Our application can display volume data intuitively, and its specific functions include loading and parsing volumetric data (supporting image rendering with different resolutions and different slice numbers) and supporting multiple data formats. The application includes a Python program to preprocess the data to get more high-definition details. For example, when displaying a CT image, the application program can automatically delete the black part of the CT image and stack the processed image into a 3D object to display the actual object. At the same time, because the application is deployed on a VR headset, users can observe the volume data from different angles. The application allows users to rotate, zoom, and translate in a physical location, to see some details that can't be seen in normal time, and to understand the data structure better. One example is that the user can see the inside of the rendered object, to analyze the data and observe the unique structure of the data from the inside. Our application can perform Z-score analysis on the input data to realize the functions of deleting and selecting data and highlighting special data. The processed data can display the key structure of the rendered data more intuitively. Thanks to the application of VR, the application has an intuitive interactive design, which makes it easy for any user to use. At the same time, the unique preprocessing program includes special optimization of large-scale volume data to ensure that VR software can run smoothly without delay and process data efficiently without losing too many details.

Discussion

The target audience of our application includes medical students, radiologists, and other scientific professionals that may benefit from analyzing 3D data as if they were physical objects. One example is to visualize the data of CT and MRIs so that they can understand the tissue structure more intuitively, diagnose diseases, plan treatment plans, or conduct medical research through data visualization. At the same time, this application can also help researchers and students better understand the data structure.

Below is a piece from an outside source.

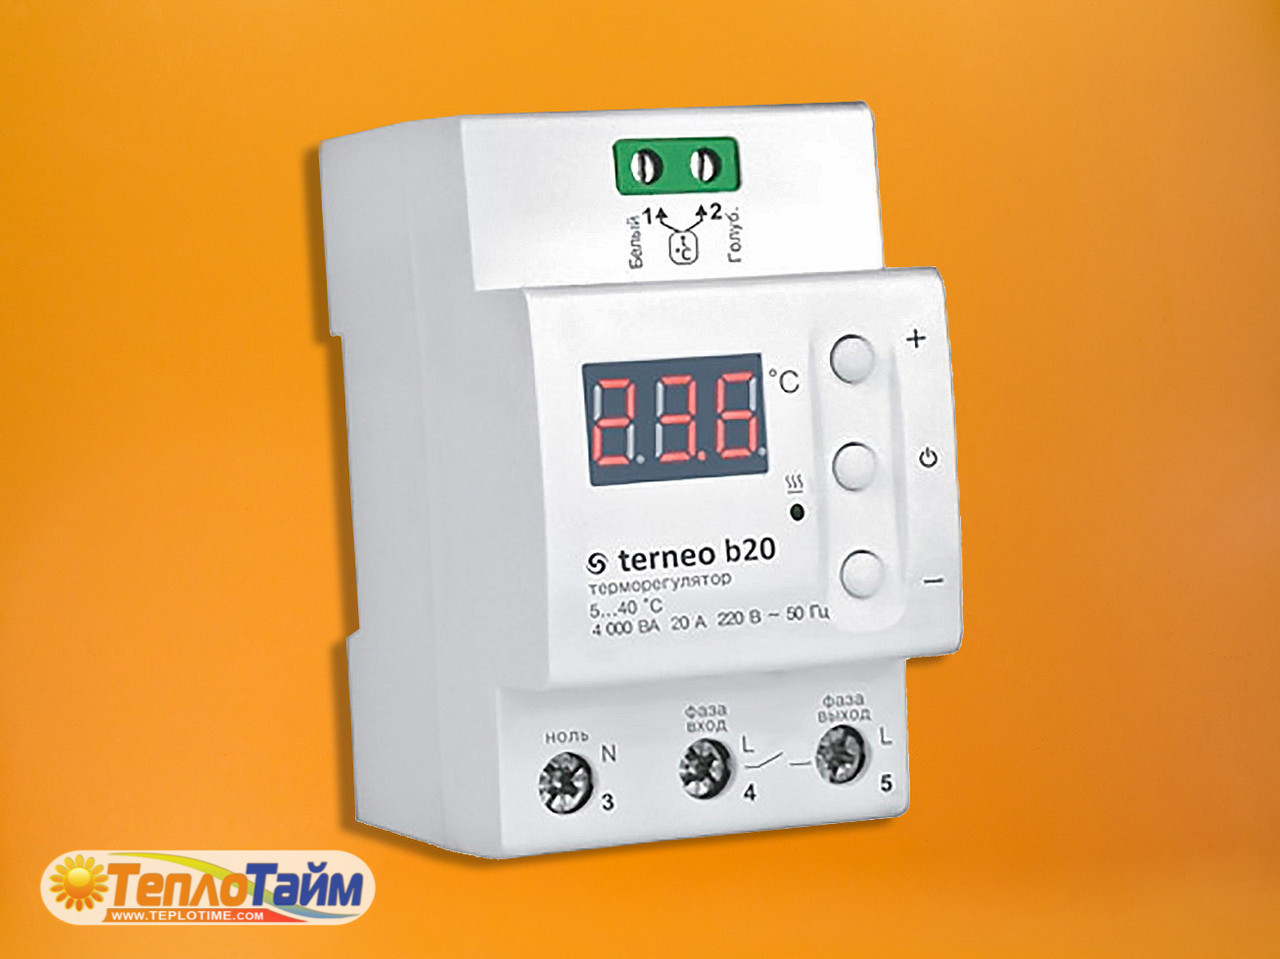 Цифровий терморегулятор підвищеної потужності terneo b20

The unique VR perspective allows them to interpret data from different angles, and use volume data visualization tools in the teaching and learning process to help students understand complex concepts and structures more intuitively.

The practical application of the application program includes medical imaging, such as three-dimensional visualization of CT and MRI scanning data to help doctors diagnose and treat diseases. One example is to preprocess and render multiple CT images containing fractures, to show the specific injury location. In the field of education, by analyzing the data model, students can better understand the characteristics of the patterns of the data.

In the process of application design, some design decisions and trade-offs include performance and details. We need to weigh the rendering quality and software performance. High-quality rendering can provide clearer visual effects, but it may require more computing resources and processing time. For example, when we try to preprocess 1: 1: 1 raw data, we need a few minutes to calculate and output the corresponding files. Because of the volume of data, the calculation cost will increase significantly with the increase in resolution. Excessive downsampling of raw data may lead to the loss of key data, thus affecting people's understanding of data.

The choice to preprocess also impacts the audience/purpose of the application. Since it uses pre-processed data, the application could be seen more as a visualizer tool than an analysis tool. If we choose to lean more in the direction of analysis, we would need to support users analyzing their data in-app. This comes with the performance consequences described in the Data Processing section, but with smaller data sets or stronger technologies this could be done. The status/future of the NumSharp library is unclear, but as it and tools like it grow it may be more feasible to handle large scale data analysis in-engine. With NumSharp in particular, should the performance requirements be met we could very easily port our python preprocessing code to C#.